Press Room
 

March 3, 2006
JS-4090

Prepared Remarks
Stanford Institute for Economic Policy Research (SIEPR)
Economic Summit
Stanford, CA

Good morning. It's great to be here at Stanford; thank you so much for having me. It's an honor to visit the intellectual `home' of Secretaries Rice and Schultz, my good friend and former colleague John Taylor, and so many others who I've had the pleasure to know and work with, like Anne Krueger and Eddie Lazear.

Stanford has produced some of the most influential economic minds of our times, and certainly of the Bush Administration. John Taylor alone dramatically changed the direction of conversation among the finance ministers of the G7. He gave international economic policy direction that was both inspired and sound at a time when the international financial community was really in need of it that kind of intellectual leadership.

John's influence over Bush Administration policy began much earlier, of course, when he served as an economic advisor to the 2000 Presidential campaign. The economic policies that he was involved in developing – namely tax relief – have led to a terrific period of economic expansion for this country.

With GDP growth over four percent in 2004, at 3.5 percent last year and this year promising to be perhaps better yet, there can be little question that smart, steady economic stewardship deserves some credit.

Well-timed tax relief, combined with sound monetary policy from the Federal Reserve Board, helped boost 4.7 million Americans onto the payrolls over the past three years. Our unemployment rate is very low, and with the exception of the peak of the high-tech bubble in 1999-2000, initial jobless claims have not been this low in more than 30 years.

Many of you are economists, so I know that I don't have to tell you this, but simple truths can be worth repeating: You always get less of something you tax.

So by lowering the taxes on capital, the Jobs and Growth Act of 2003 encouraged increased long-term investment. Increased long-term investment in turn improved the long-turn outlook of the economy. It made the economy more productive. With additional capital, labor output rose. And with rising labor output the demand for labor increased and living standards are now higher.

And while many factors contributed to the improved performance of the economy, the tax reductions on capital, I think, have been at the heart of the progress we have seen. By lowering the cost of capital the President's proposals improved the inherent efficiency of the economy, and this will prove effective for both the short and long term.

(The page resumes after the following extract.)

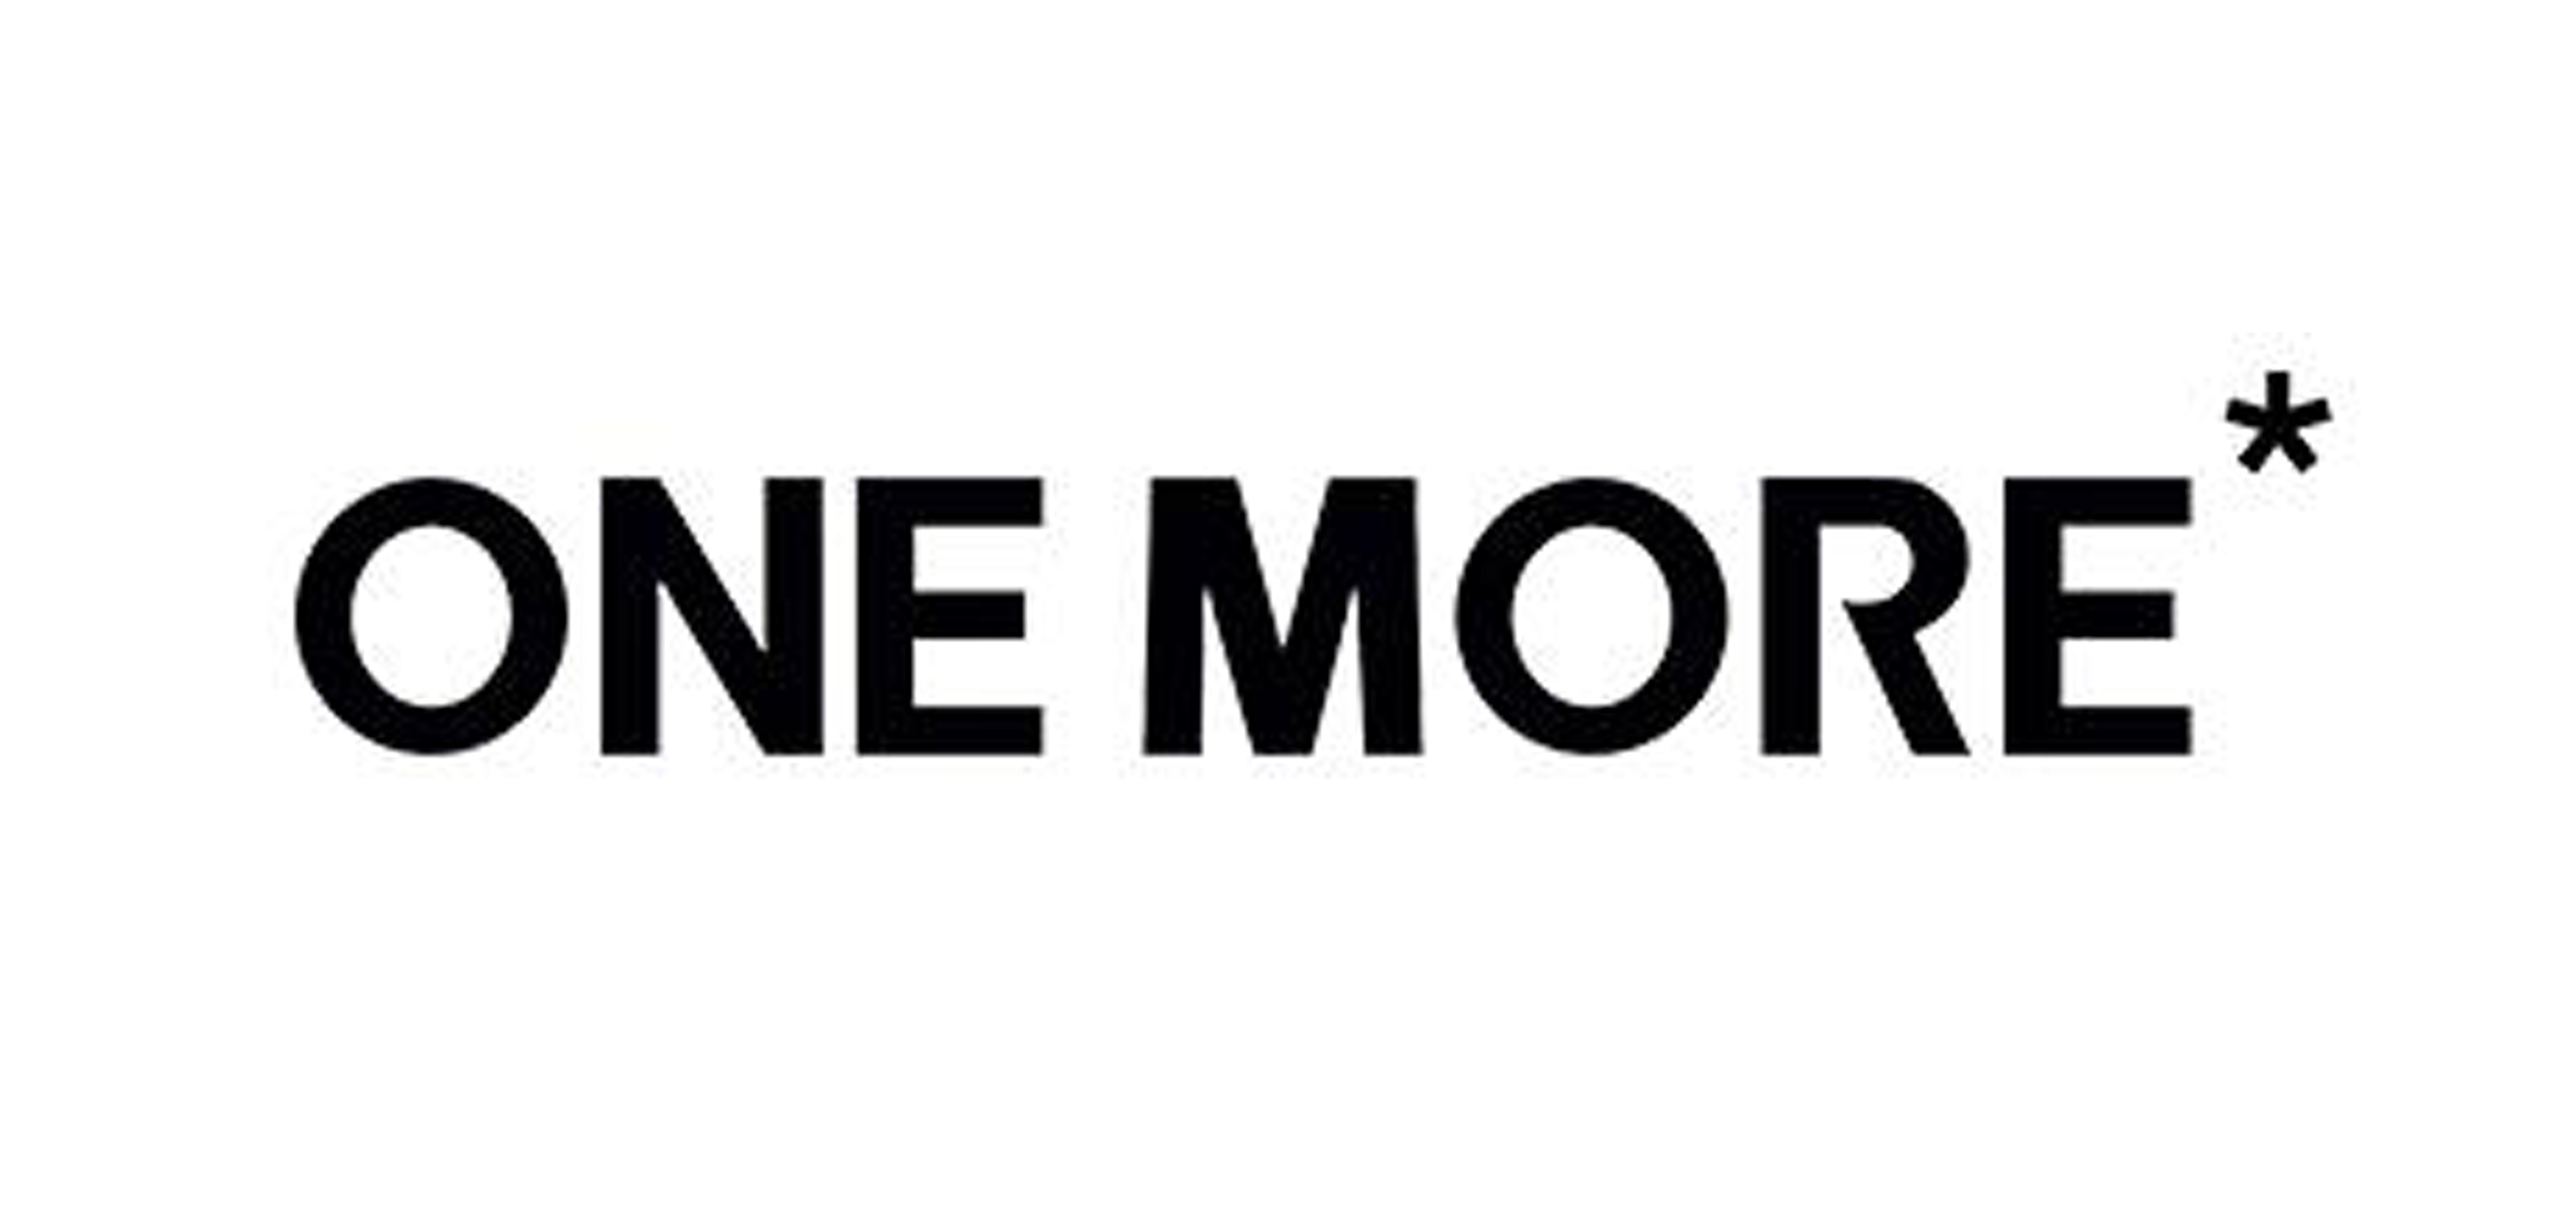 ONEMORE是什么牌子_ONEMORE品牌怎么样?

The proof is in the numbers: After nine consecutive declining quarters of real annual business investment, we have had ten straight quarters of rising business investment.

Making those tax cuts permanent will help keep our economy on this good path of growth. And an important part of my job is reminding Congress of that fact. I can't say it strongly enough: a tax increase would be very bad for this economy, for every American who still seeks work, and it would be foolish to turn away from this course that is benefiting so many. Congress must resist the urge to raise taxes.

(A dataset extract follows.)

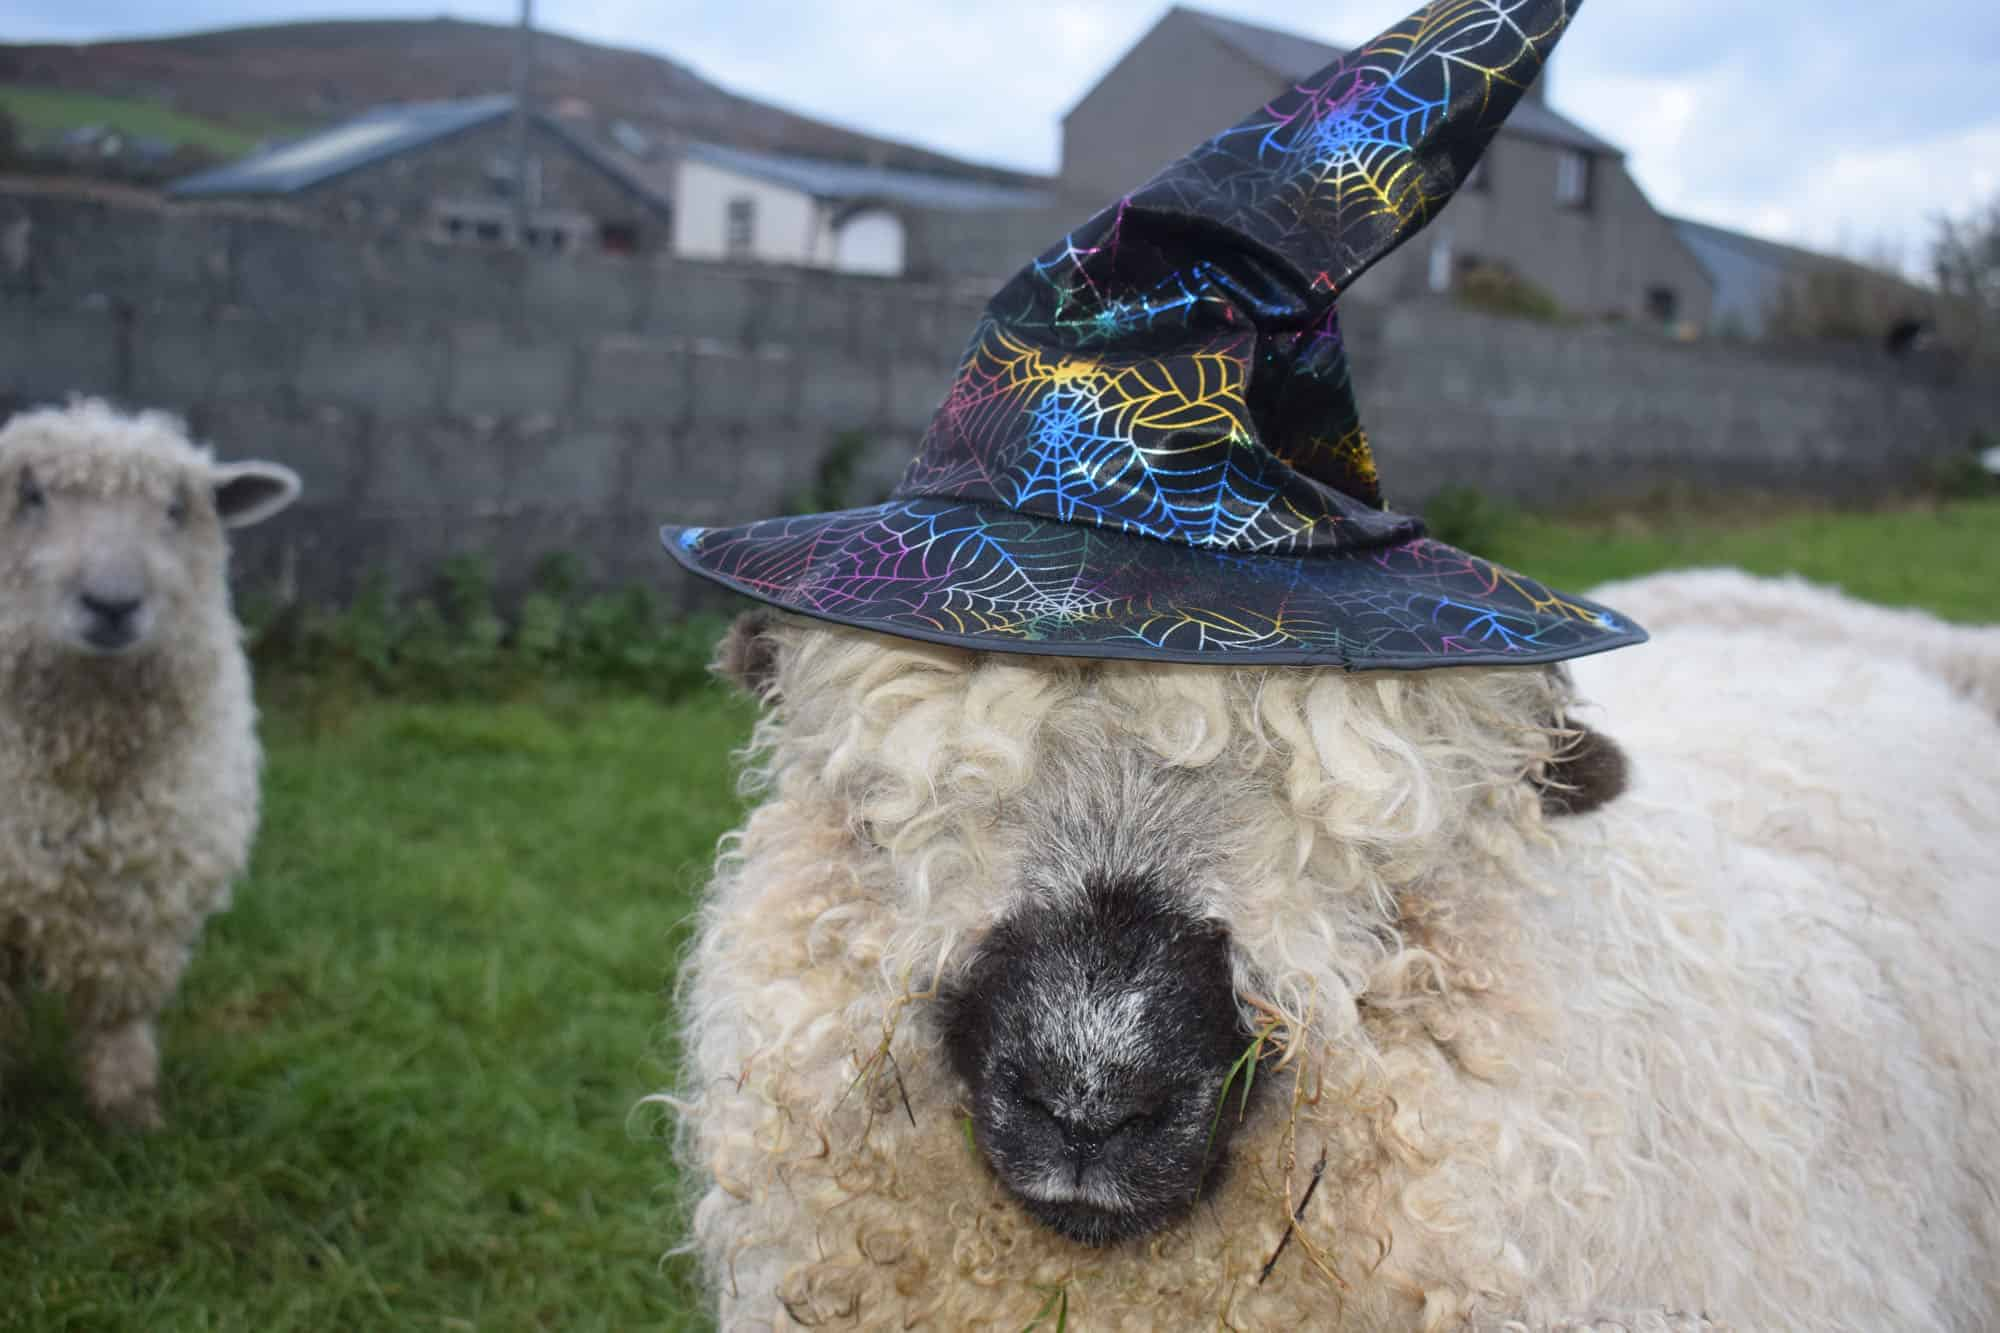 Nora valais blacknose greyface dartmoor pet sheep cuddle bear sheep patchworksheep crueltyfree felt rugs halloween

Tax relief permanency really is the tax business of the day in Washington. The next significant step on taxes, of course, being tax reform. Eddie Lazear, who I mentioned earlier – a proud Stanford alum – was part of a terrific effort on the President's Panel on Tax Reform. The work of that panel is the beginning of what is sure to be one of the most significant policy debates of this decade.

We only get a chance to enact meaningful, broad tax reform once about every twenty years, so it's important that we do it right. John Kennedy led that accomplishment in the 1960s, Reagan in the 1980s and it's time to do it again. But with a tax code that impacts nearly every aspect of all of our lives, reform is a task that must be thought through and deliberated in a painstaking manner. The panel got this process started, and I'm thankful for their work. The discussion you will have later this morning will be part of the ongoing tax reform dialogue, and I look forward to hearing of your debate and conclusions.

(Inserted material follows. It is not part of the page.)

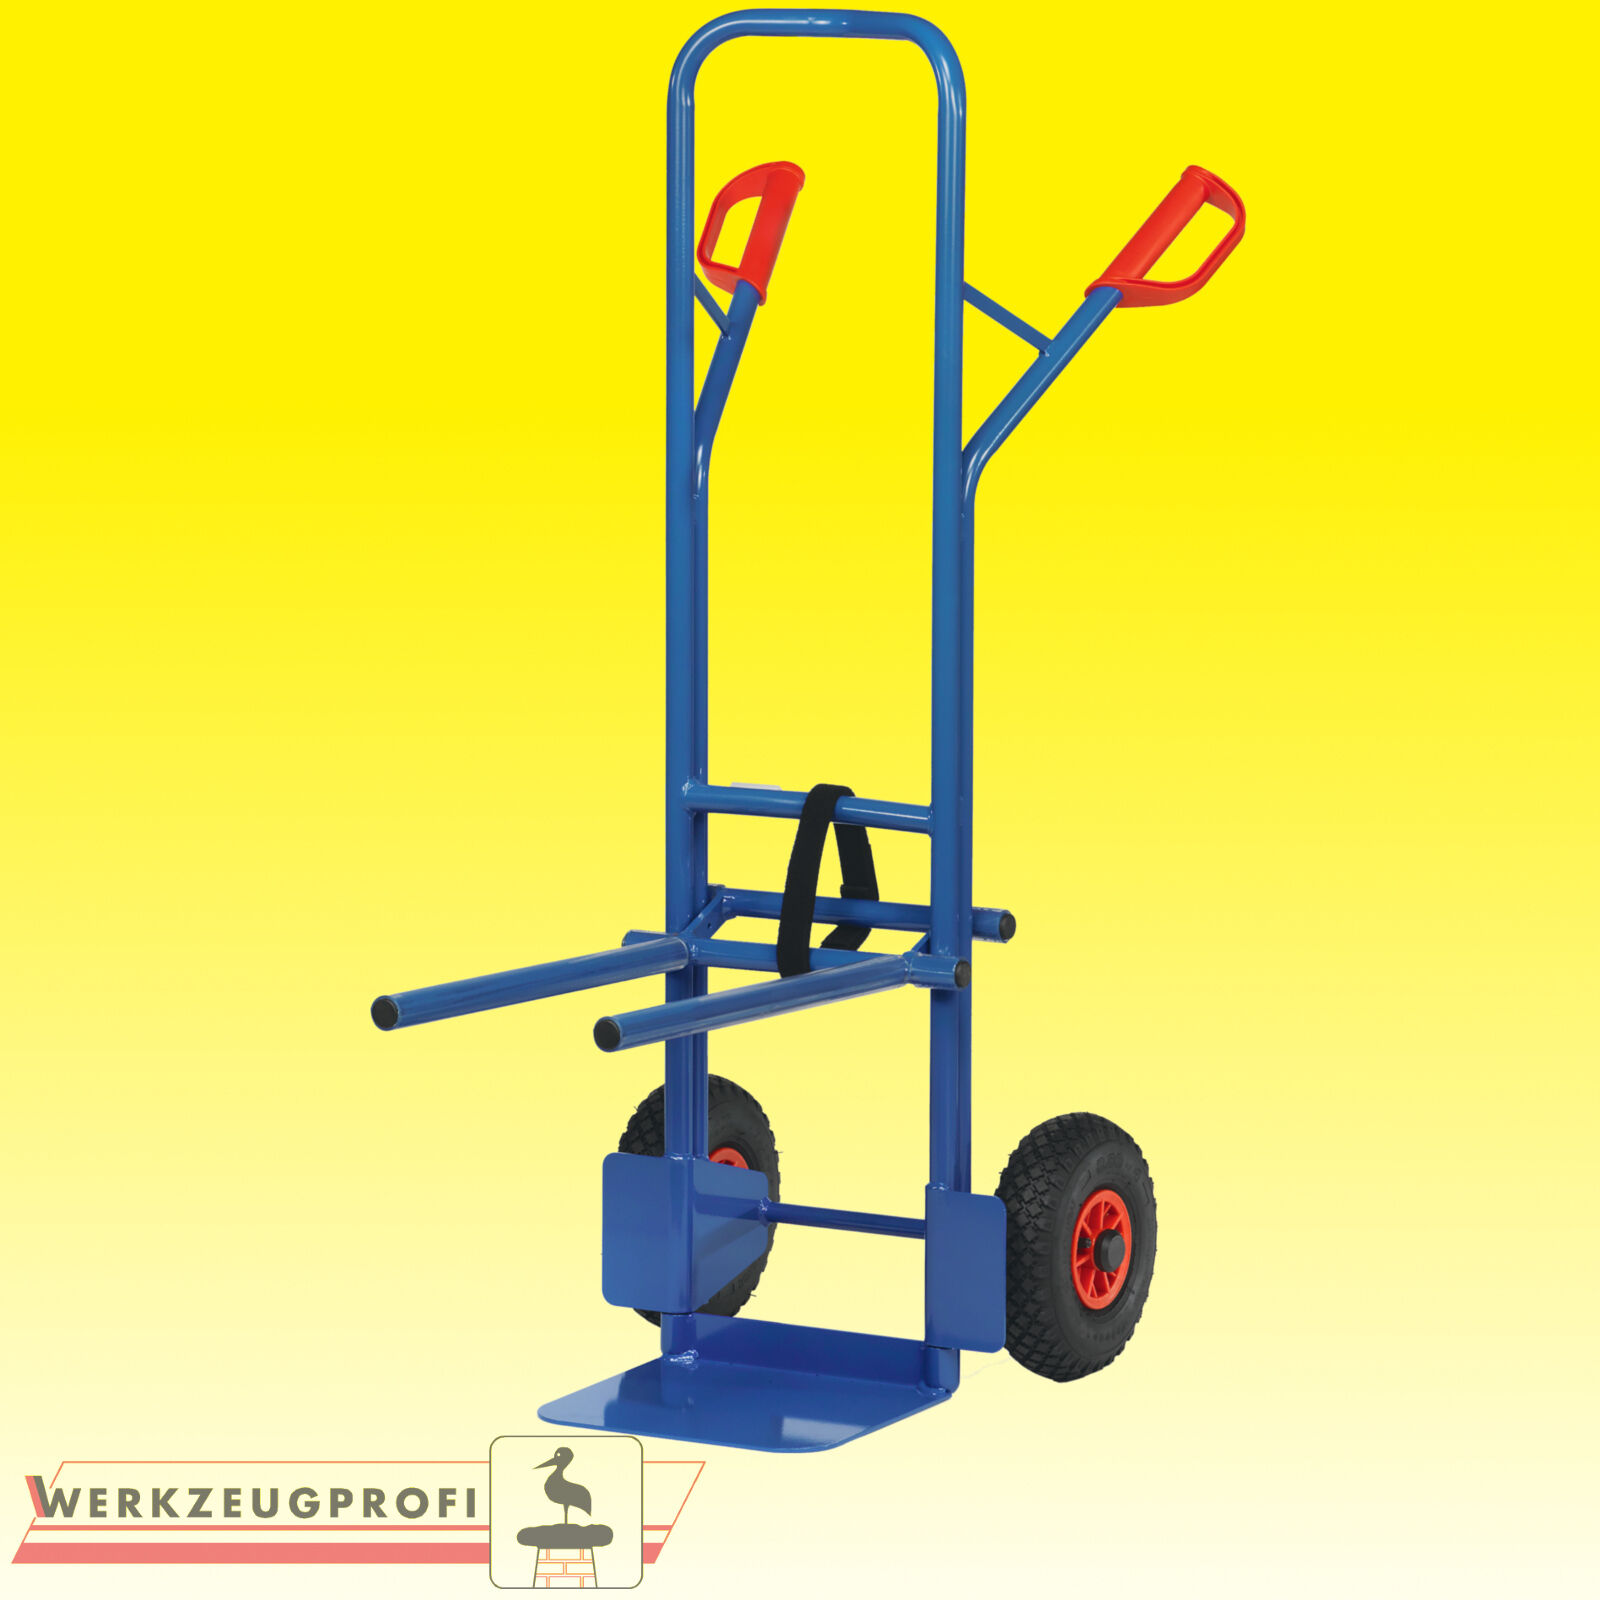 FETRA Stuhlkarre B1335L 300 70 kg Tragkraft  Transportkarre Stapelkarre Karre

You'll have a panel discussing the United States' economic relationship with China as well, and I want to touch on that issue, while I'm here.

There is a lot of concern these days about China's growth and challenges it creates for U.S. economy. I find it interesting that there is far less talk about how a prosperous China is in the interest of the U.S. For example, while largest U.S. bilateral deficit is with China, China is also our fastest growing export market.

Keep in mind that United States and China accounted for half of global growth since 2001. We're at the head of the global growth class, together, so we need to work in partnership for the benefit of all our citizens.

China's impact on world markets now very significant and with this increased role, comes increased responsibility. In particular, divergent growth rates and saving and investment patterns among major economies are widening global current account imbalances. Adjustment of global imbalances is a shared responsibility that must be undertaken in a way that maximizes sustained global growth.

Appropriate response involves increasing savings in the United States, raising domestic demand led growth of our largest trading partners and greater exchange rate flexibility in China and other large economies in emerging Asia to allow for gradual, market-based adjustments.

The United States is doing its part. But we cannot address this issue alone; U.S. fiscal consolidation absent offsetting measures to boost domestic demand abroad will reduce global imbalances but at much lower growth rates.

Through fiscal and regulatory changes, China also needs to continue its efforts to achieve more balanced growth to reduce heavy reliance on credit-fueled investment and exports.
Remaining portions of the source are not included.